The facts show what was in substance a refusal to let Wescoast have Jerrold equipment. Plainly defendants' object was to see to it that Wescoast should not get the equipment under any circumstance, not even by signing a service contract. That this was done with a view to setting up the town for the development of a rival system of the Whitney-Shapp interests seems clear. It also seems clear that Whitney was participating in this plan of putting obstacles in the way of Wescoast so that it could take over the construction of the community television antenna system in Wenatchee. Hamlin testified at the trial as follows: "Mr. Brown [representing Whitney] was very, very concerned about Jerrold equipment already known by him to be in the hands of the KPQ system, the opposing system, and he imposed upon me as a condition of his recommending Wenatchee that I assure him that the opposition would not get Jerrold equipment. I told him that the only assurance I could give him was my foreknowledge that Mr. Jones was not going to sign the Maintenance and Service agreement, and that I felt that this was a very strong reason for his not being concerned about the opposition having Jerrold gear."10
At about the same time, the Jerrold-Whitney group formed a corporation to construct the contemplated community television system in Wenatchee. This corporation was named Wenatchee Television Cable Corporation. Brown of Whitney was president, Hamlin was vice-president, and, as previously indicated, the stock was divided between Shapp and Whitney with the latter having 75 percent and Shapp and his designees 25 percent.

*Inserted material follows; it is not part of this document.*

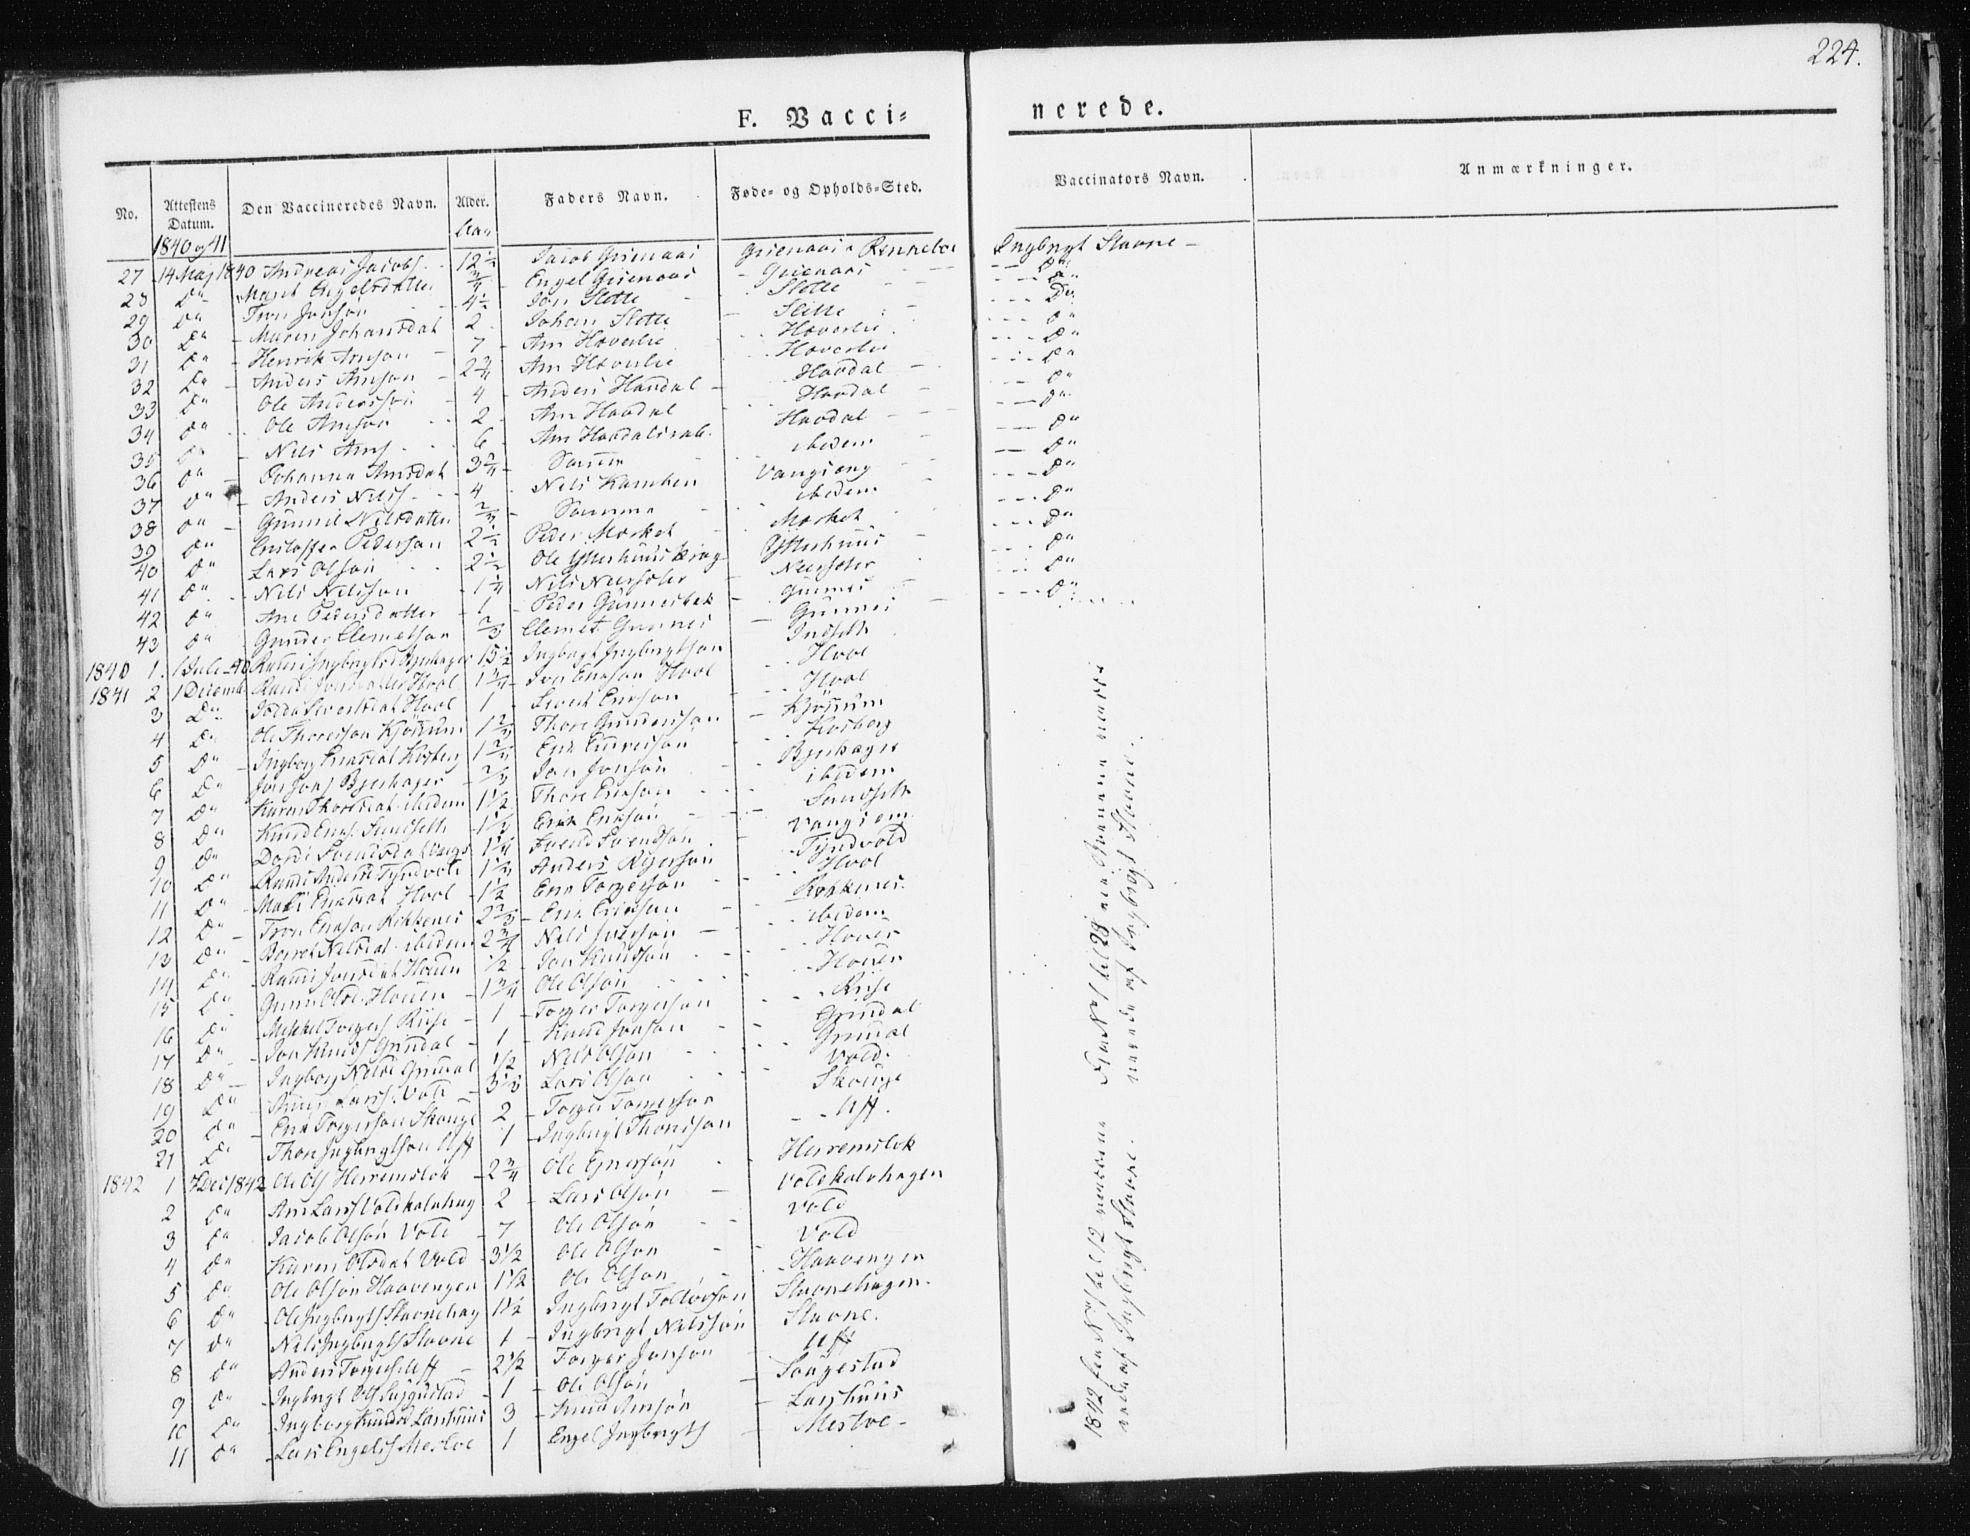 SAT, Ministerialprotokoller, klokkerbøker og fødselsregistre - Sør-Trøndelag, 674/L0869: Ministerialbok nr. 674A01, 1829-1860, s. 224
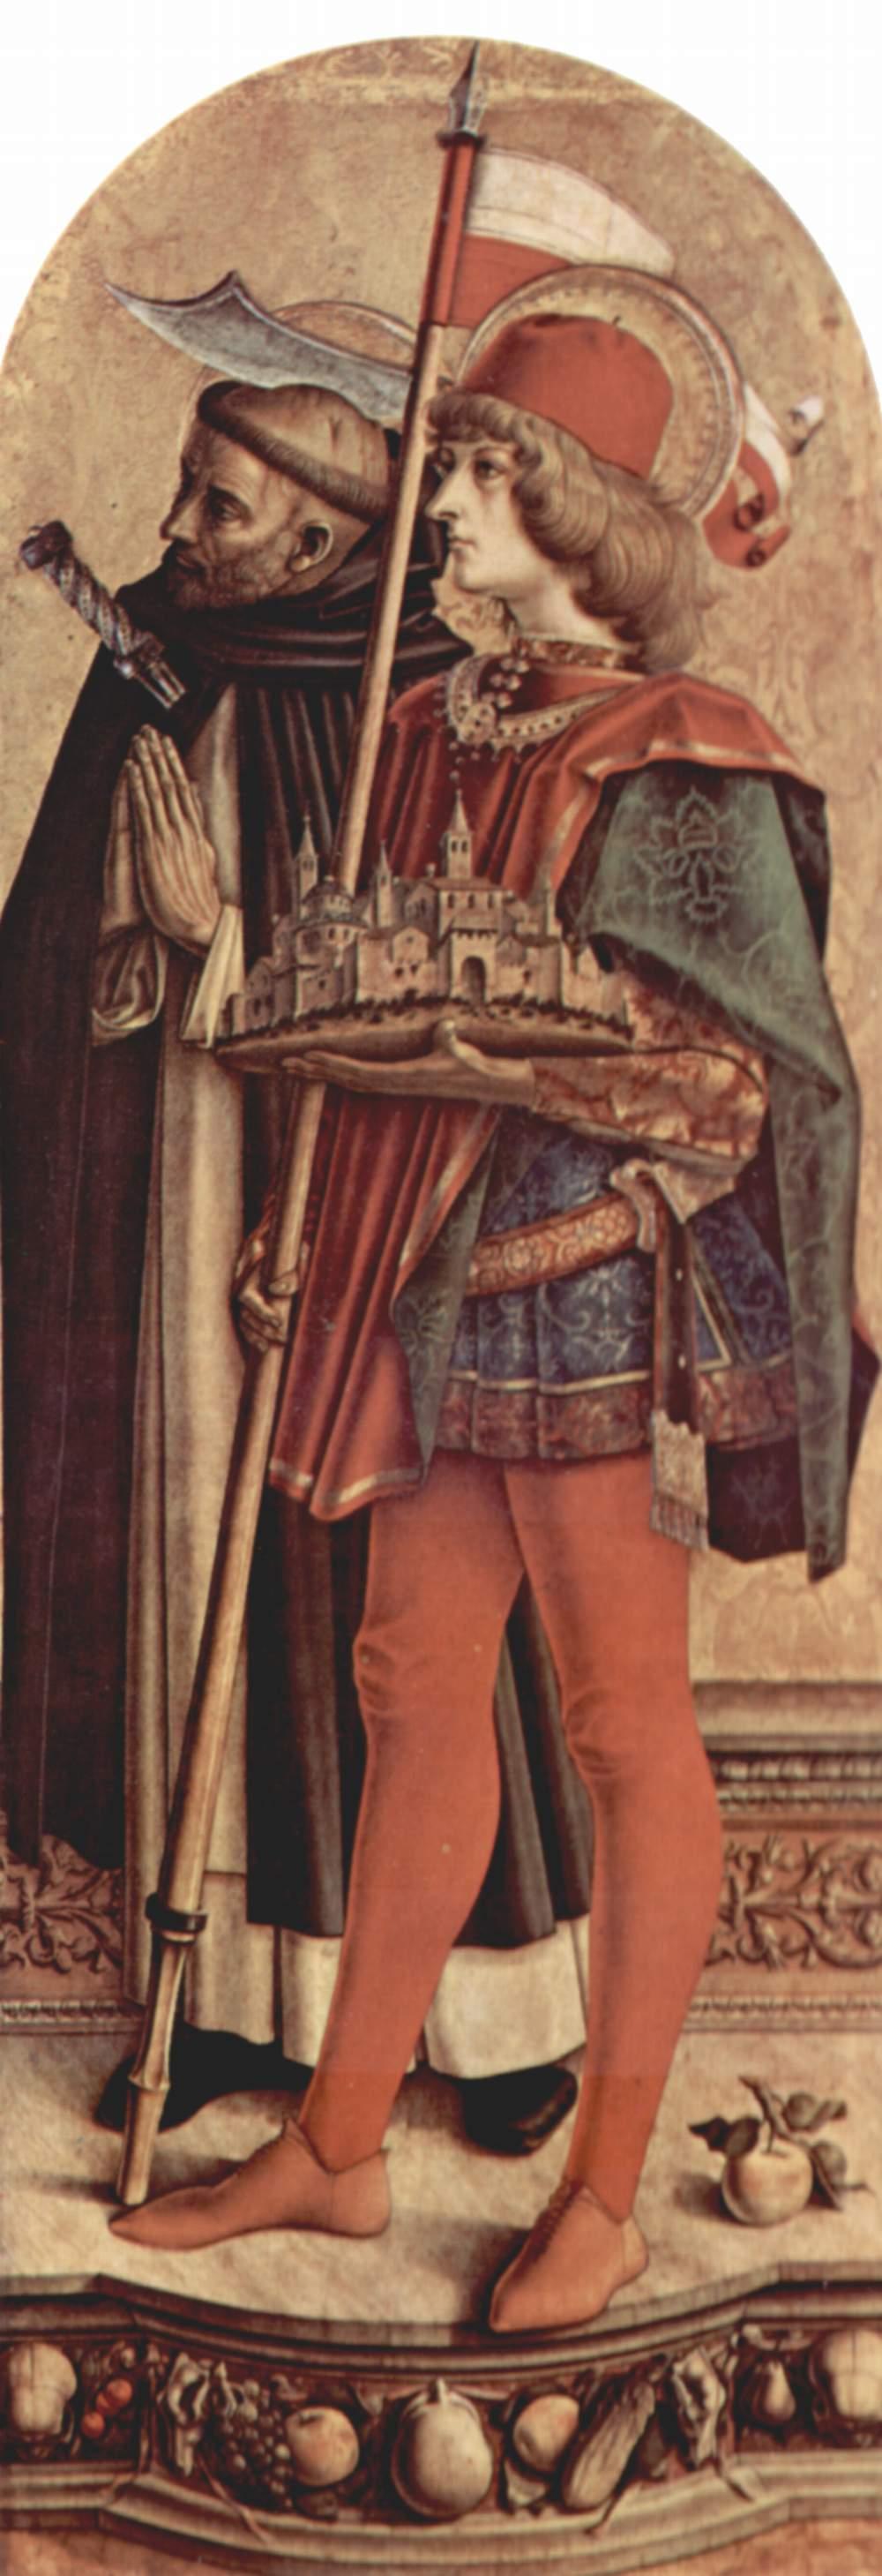 Алтарный триптих, правая створка  св. Пётр Мученик и св. Венециан Камеринский, Карло Кривелли

It was known (and the fact is conceded) that in view of its size and population Wenatchee would not support more than one community television system of the kind then being contemplated. Wescoast, being unable to procure Jerrold components, was obliged to look elsewhere for substitute parts and was being considerably delayed. As soon as the Jerrold-Whitney corporation was formed it entered upon an advertising campaign announcing that its system would be constructed within six to eight weeks and that it would be built with the superior Jerrold equipment which supplied 80 percent of community antenna systems in the country. Brown, representing the Whitney interests, had gone to Wescoast and indicated that the Whitney people were coming into Wenatchee to compete. Jones of Wescoast got the same information from Shapp. Shapp and Whitney indicated to Jones that the Shapp-Whitney interests "had all the money in the world and knew more than anybody else in the world and we had better shut up, leave them alone and go fishing."
That these efforts to talk Wescoast out of contining in business in Wenatchee were pursuant to a general, area-wide plan and arrangement between the Jerrold-Whitney, Hamlin, Merritt groups, is indicated by other evidence in the record. Thus the witness McCaw, who in 1953 had received a franchise for the construction of a community television system in Walla Walla, which was one of the cities toward which the Jerrold-Whitney interests were looking, had attempted to get some equipment for the construction of his contemplated system and in that connection had a conversation with Hamlin. Hamlin told McCaw that such equipment would not be available to McCaw from Jerrold suppliers unless McCaw entered into a service contract with Jerrold and unless he agreed to use Jerrold equipment exclusively. At that time Hamlin said to McCaw that "unless we did enter into this agreement with them, that they would see that a competitor came in and got into competition with us, and used the name of J. H. Whitney & Co." McCaw did not acquire Jerrold equipment and Whitney entered the area with the contemplated system.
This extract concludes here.